*** Block opens ***
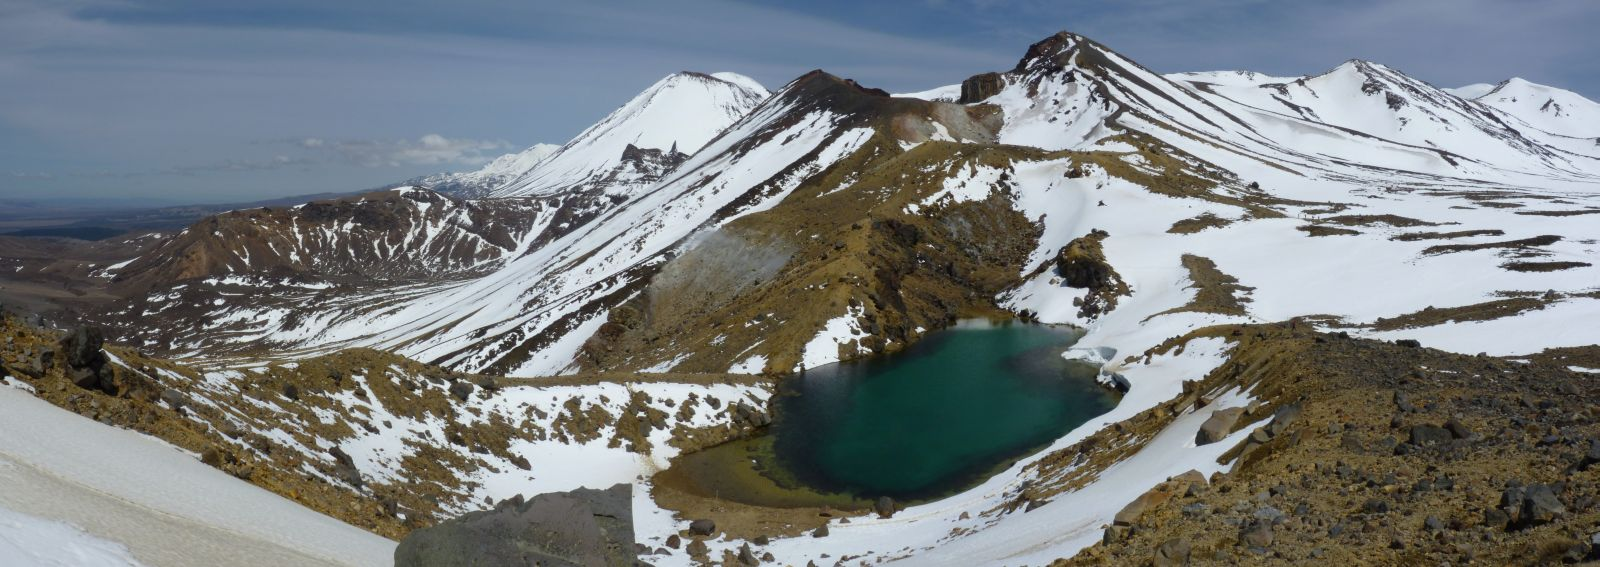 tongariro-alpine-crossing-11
*** Block closes ***
*** Block opens ***
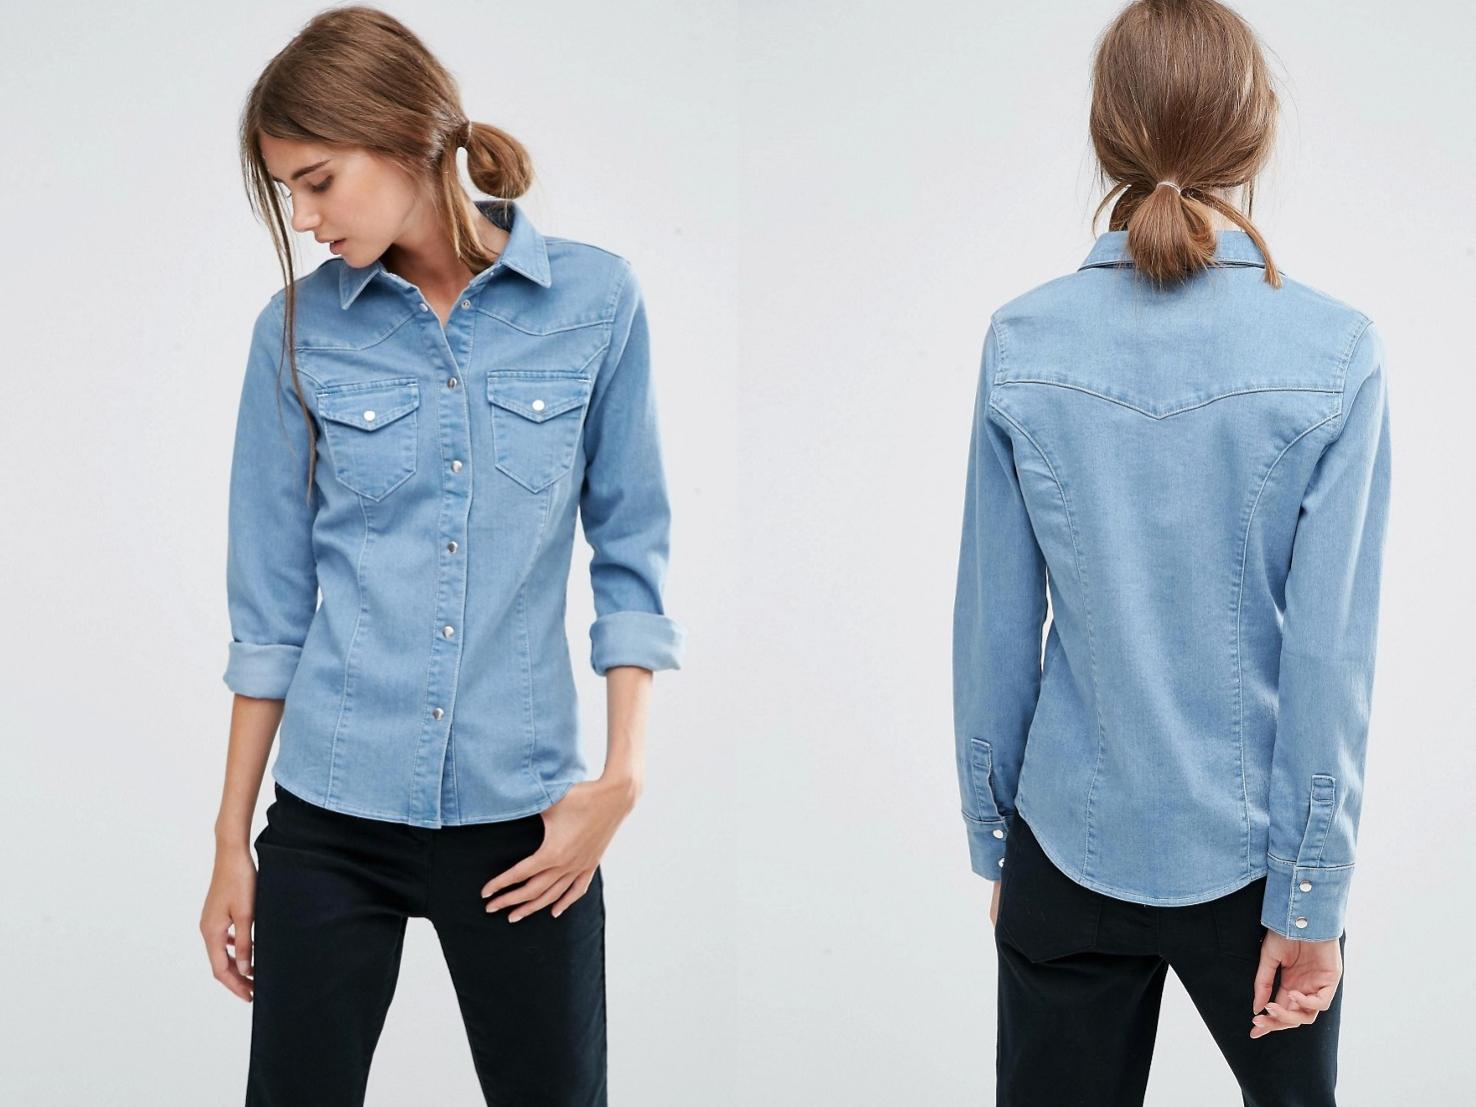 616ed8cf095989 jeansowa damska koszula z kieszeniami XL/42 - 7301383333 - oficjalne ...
*** Block closes ***
*** Block opens ***
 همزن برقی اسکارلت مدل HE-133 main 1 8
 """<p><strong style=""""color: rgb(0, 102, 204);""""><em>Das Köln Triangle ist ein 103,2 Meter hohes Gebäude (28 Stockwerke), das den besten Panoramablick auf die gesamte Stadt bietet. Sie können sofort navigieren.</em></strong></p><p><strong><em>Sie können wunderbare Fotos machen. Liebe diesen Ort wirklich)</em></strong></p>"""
*** Block closes ***
(What is being asked): Using only the listing above, restate exactly the lines from the line containing "همزن برقی اسکارلت مدل HE-133 main 1 8" through the line containing "Köln Triangle ist", both included.

(Response to this task):
 همزن برقی اسکارلت مدل HE-133 main 1 8
 """<p><strong style=""""color: rgb(0, 102, 204);""""><em>Das Köln Triangle ist ein 103,2 Meter hohes Gebäude (28 Stockwerke), das den besten Panoramablick auf die gesamte Stadt bietet. Sie können sofort navigieren.</em></strong></p><p><strong><em>Sie können wunderbare Fotos machen. Liebe diesen Ort wirklich)</em></strong></p>"""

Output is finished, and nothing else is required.